Sejumlah kelompok HAM menuduh China lakukan praktik kerja paksa di Xinjiang.

Rep: Rizky Jaramaya/ Red: Friska Yolandha
Petugas polisi berdiri di pintu masuk luar Pusat Penahanan Urumqi No. 3 di Dabancheng di Daerah Otonomi Uyghur Xinjiang China barat pada 23 April 2021. Komite Organisasi Perburuhan Internasional (ILO) PBB telah menyerukan misi untuk meninjau lebih lanjut kebijakan perburuhan China di Xinjiang.
Foto:

Xinjiang merupakan produsen kapas utama, dan memasok sebagian besar komponen untuk panel surya. Beberapa anggota parlemen AS mendukung permintaan oleh Bea Cukai dan Perlindungan Perbatasan (CBP) untuj menerapkan larangan impor barang dari Xinjiang secara efektif mulai 21 Juni. Berdasarkan undang-undang tersebut setiap barang yang diimpor dari Xinjiang harus disertakan bukti bahwa barang tersebut tidak dibuat oleh pekerja dengan sistem kerja paksa.

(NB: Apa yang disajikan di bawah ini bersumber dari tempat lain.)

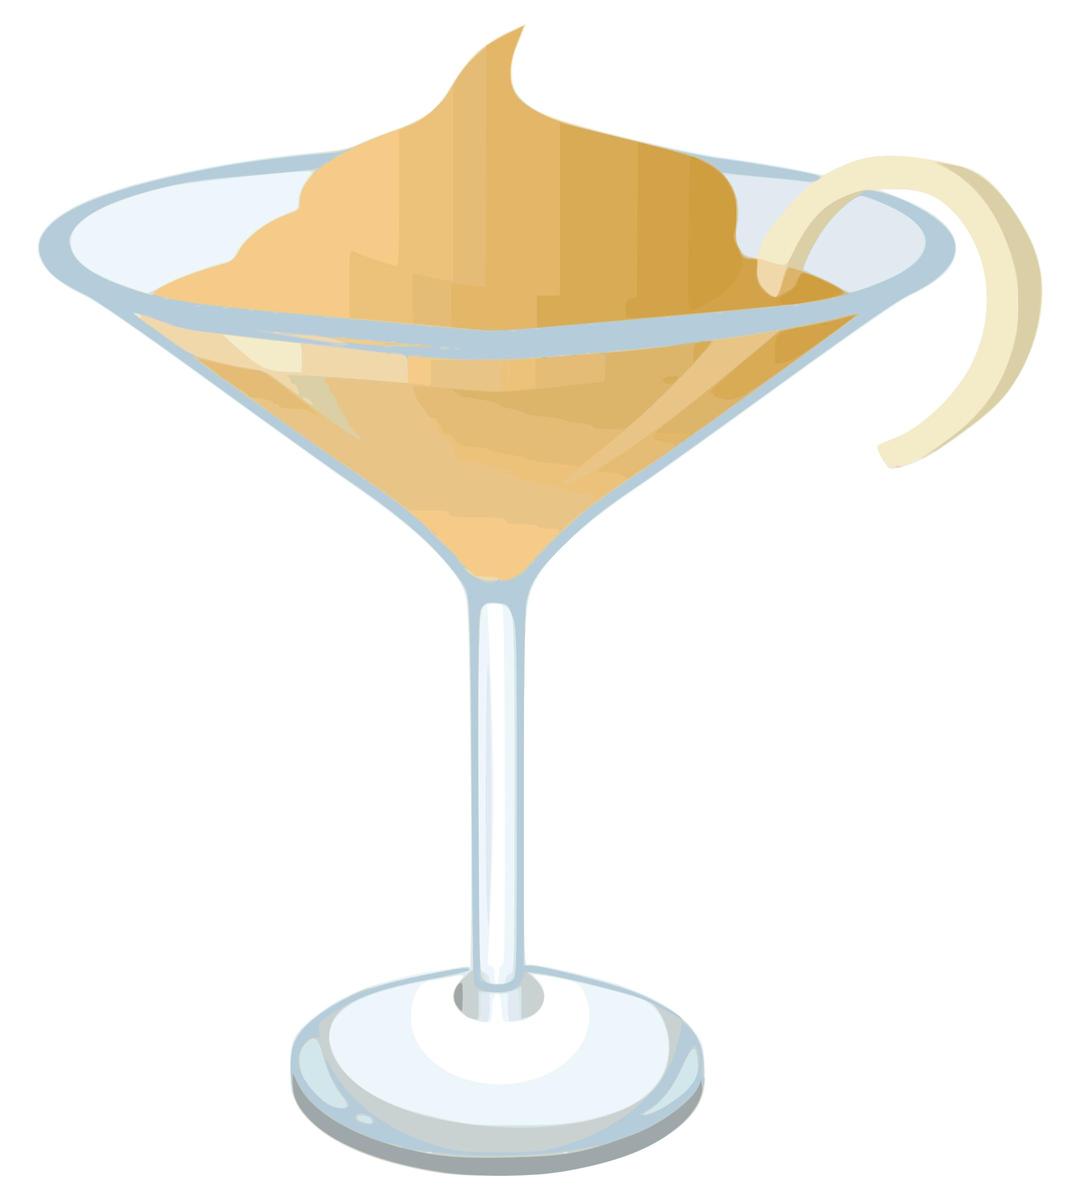 Creamy-martini-glitch png transparent

"Kita semua berada dalam kerangka waktu yang sangat ketat. Harapannya adalah kami akan siap untuk menerapkan undang-undang Uighur pada 21 Juni, dan kami memiliki sumber daya. Jadi pertanyaannya, apakah kita siap menerapkan? Ya, kami siap," ujar Direktur Eksekutif Pelaksana CBP untuk Gugus Tugas Implementasi UFLPA, Elva Muneton.

Importir akan memiliki opsi untuk mengekspor kembali kargo yang dilarang kembali ke negara asal. Muneton mengatakan, setiap pengecualian terkait barang impor yang tidak menggunakan kerja paksa harus diberikan ke komisaris CBP dan dilaporkan ke Kongres. Muneton menambahkan, CBP akan dapat mengeluarkan penalti terhadap importir jika terjadi penipuan.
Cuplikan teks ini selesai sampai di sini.